Data provided:
════════════════════

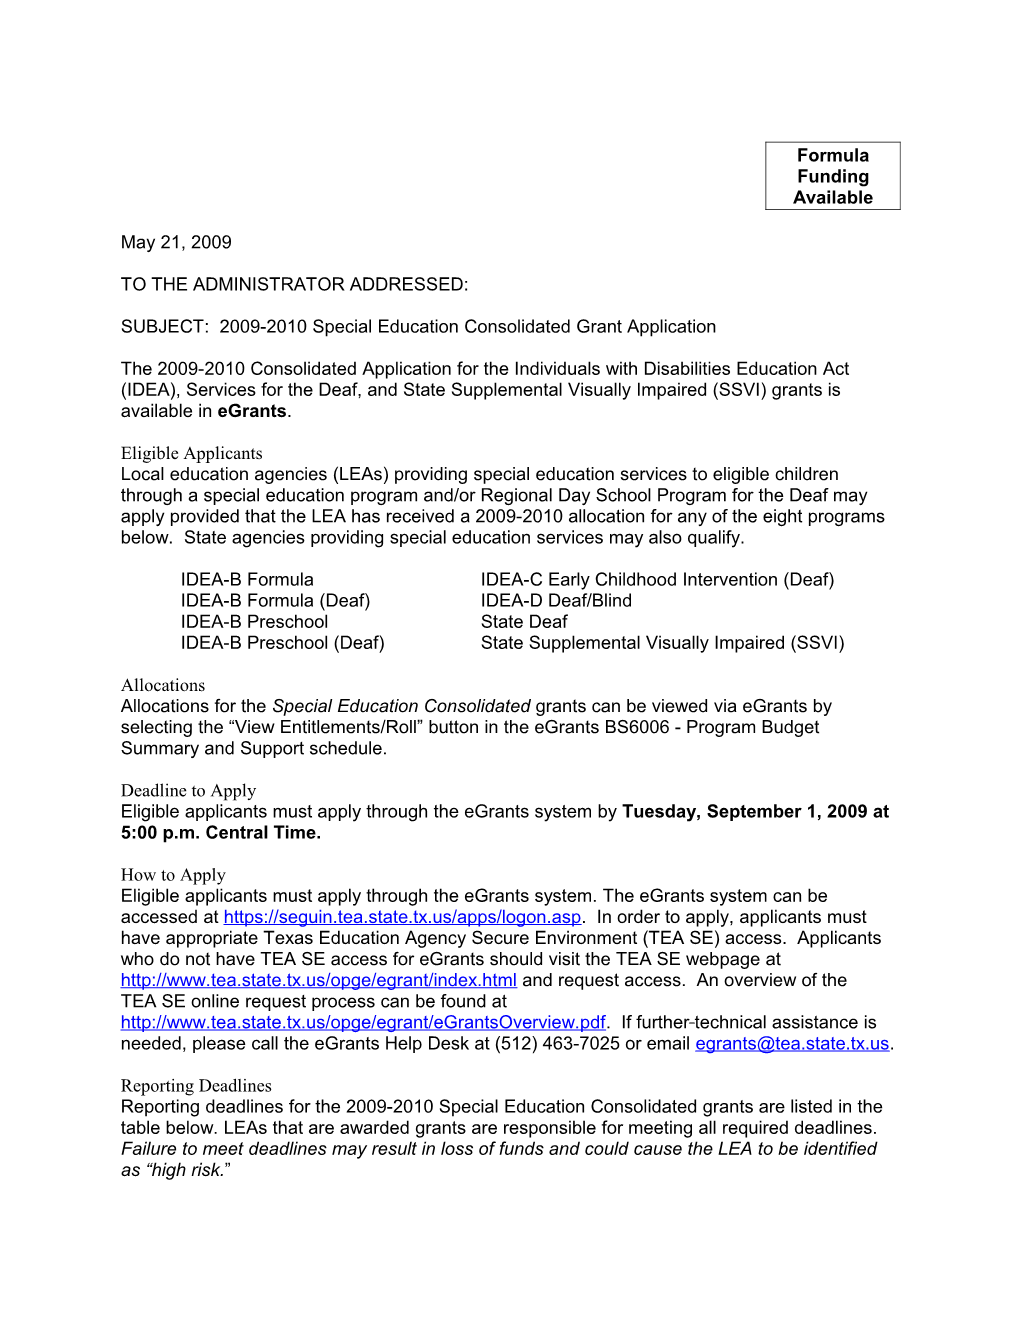 SUBJECT: 2009-2010Special Education Consolidated Grant Application
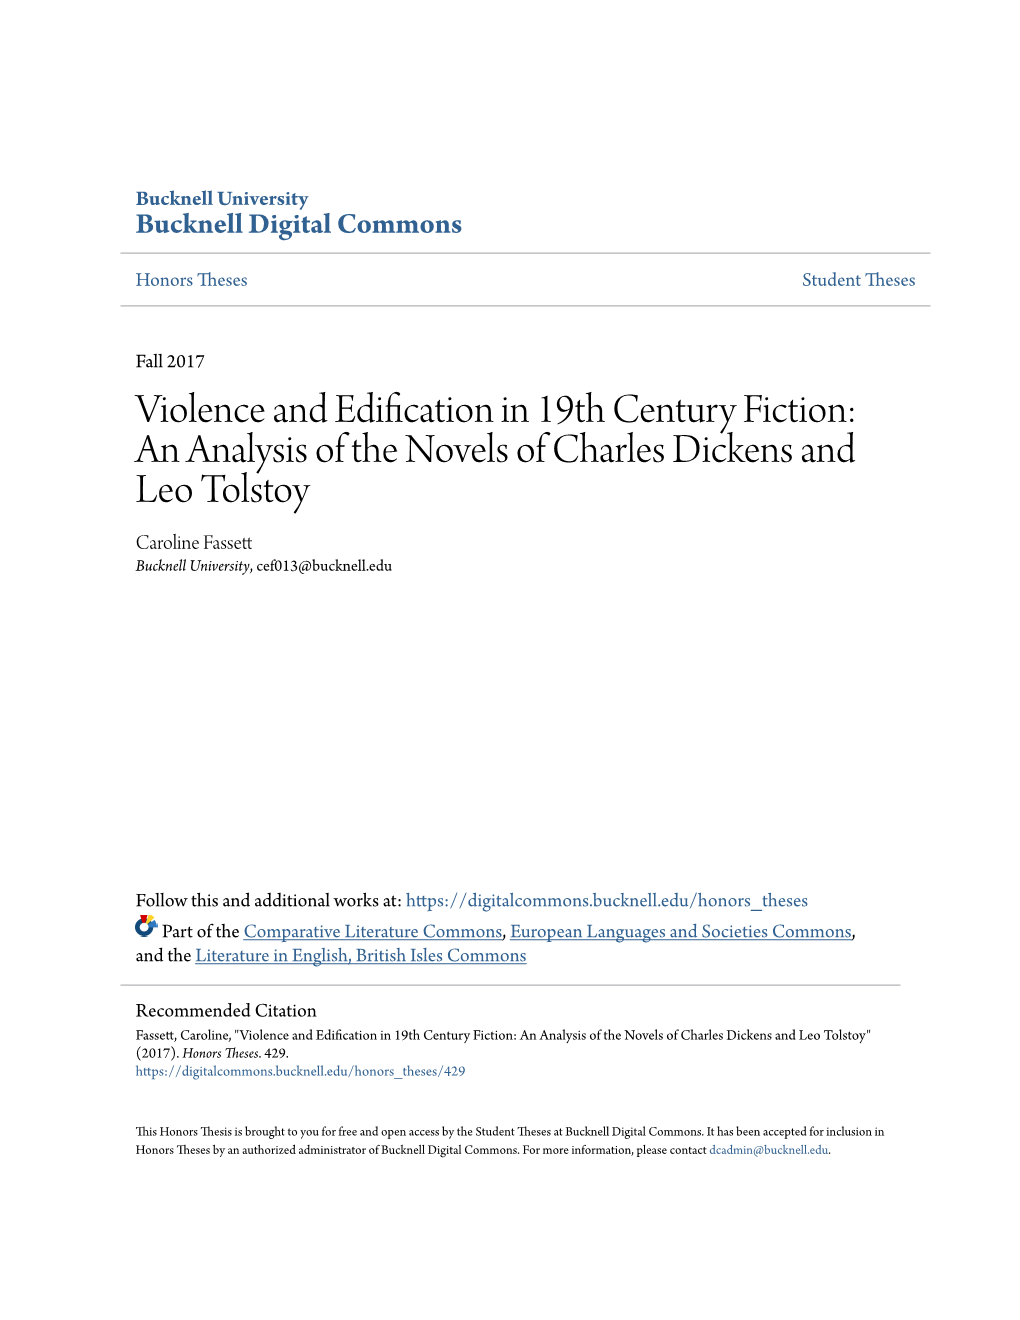 Violence and Edification in 19Th Century Fiction: an Analysis of the Novels of Charles Dickens and Leo Tolstoy
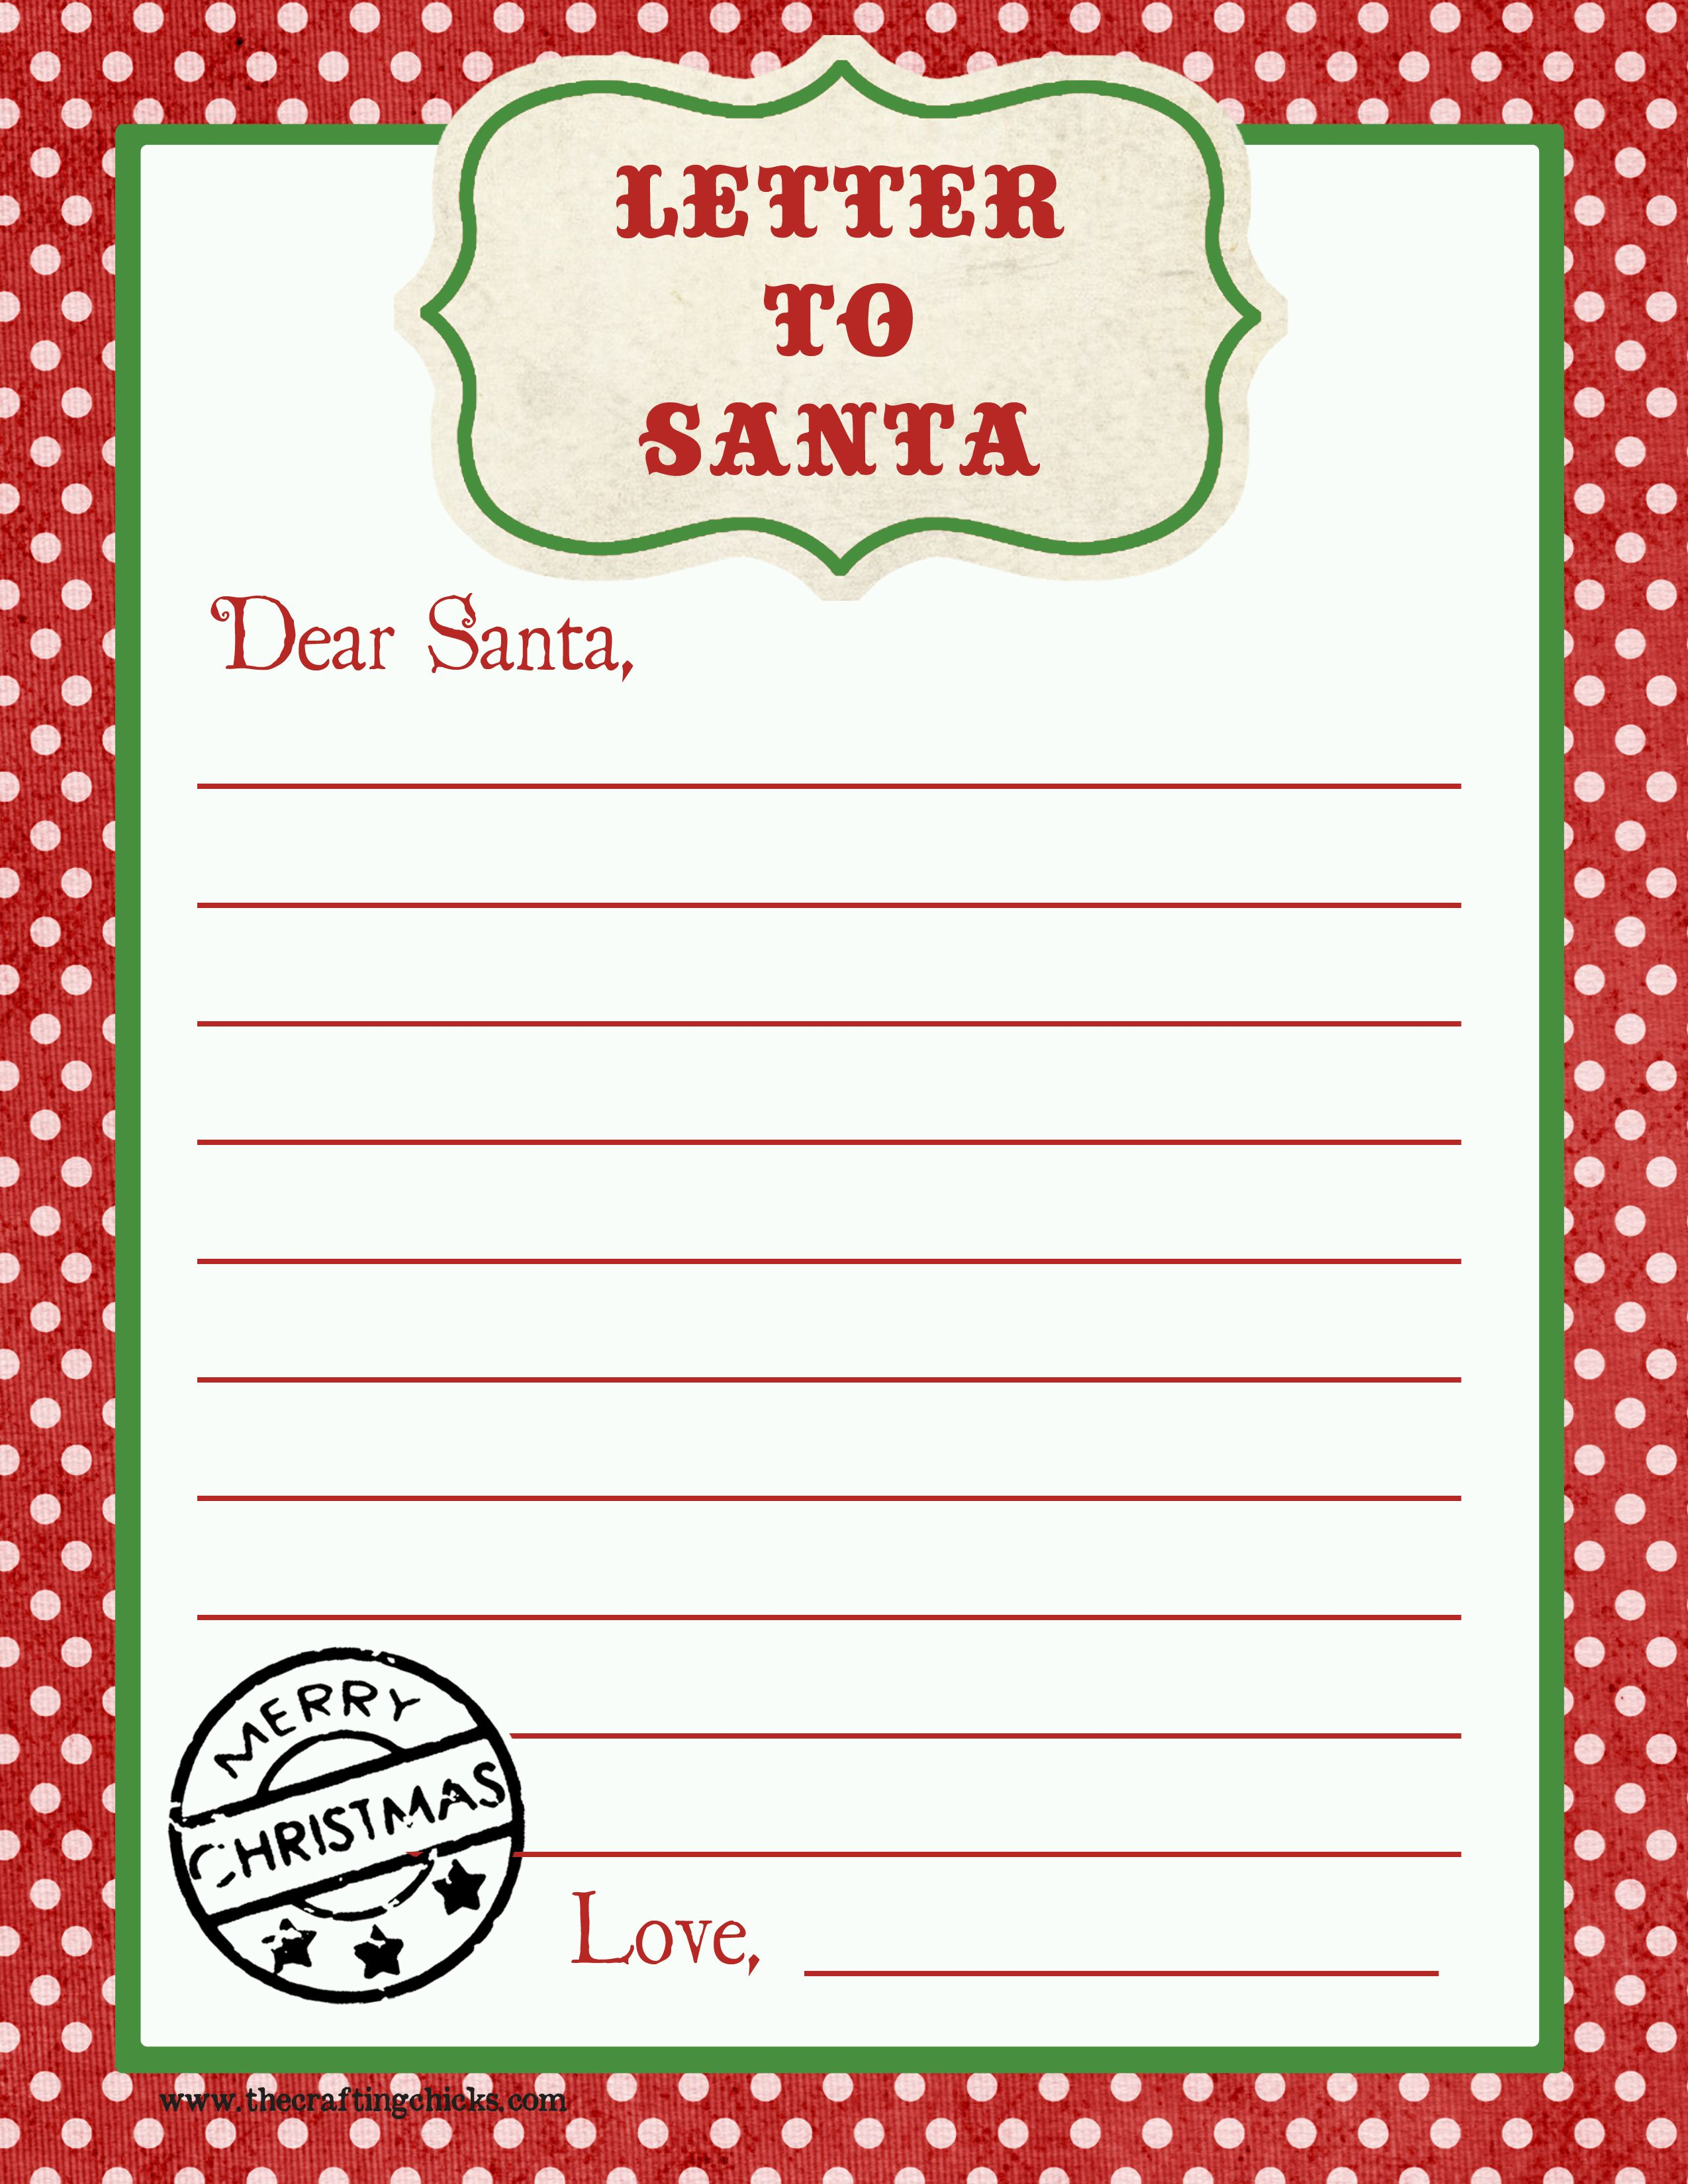 Letter From Santa Template Free Download - Letter to Santa Free Printable Download

════════════════════

The task: What do the lines above say from the line containing "Violence and Edification" through the last line? Quote them exactly, both ends included, and leave out the pictures.

Written response:
 Violence and Edification in 19Th Century Fiction: an Analysis of the Novels of Charles Dickens and Leo Tolstoy
 Letter From Santa Template Free Download - Letter to Santa Free Printable Download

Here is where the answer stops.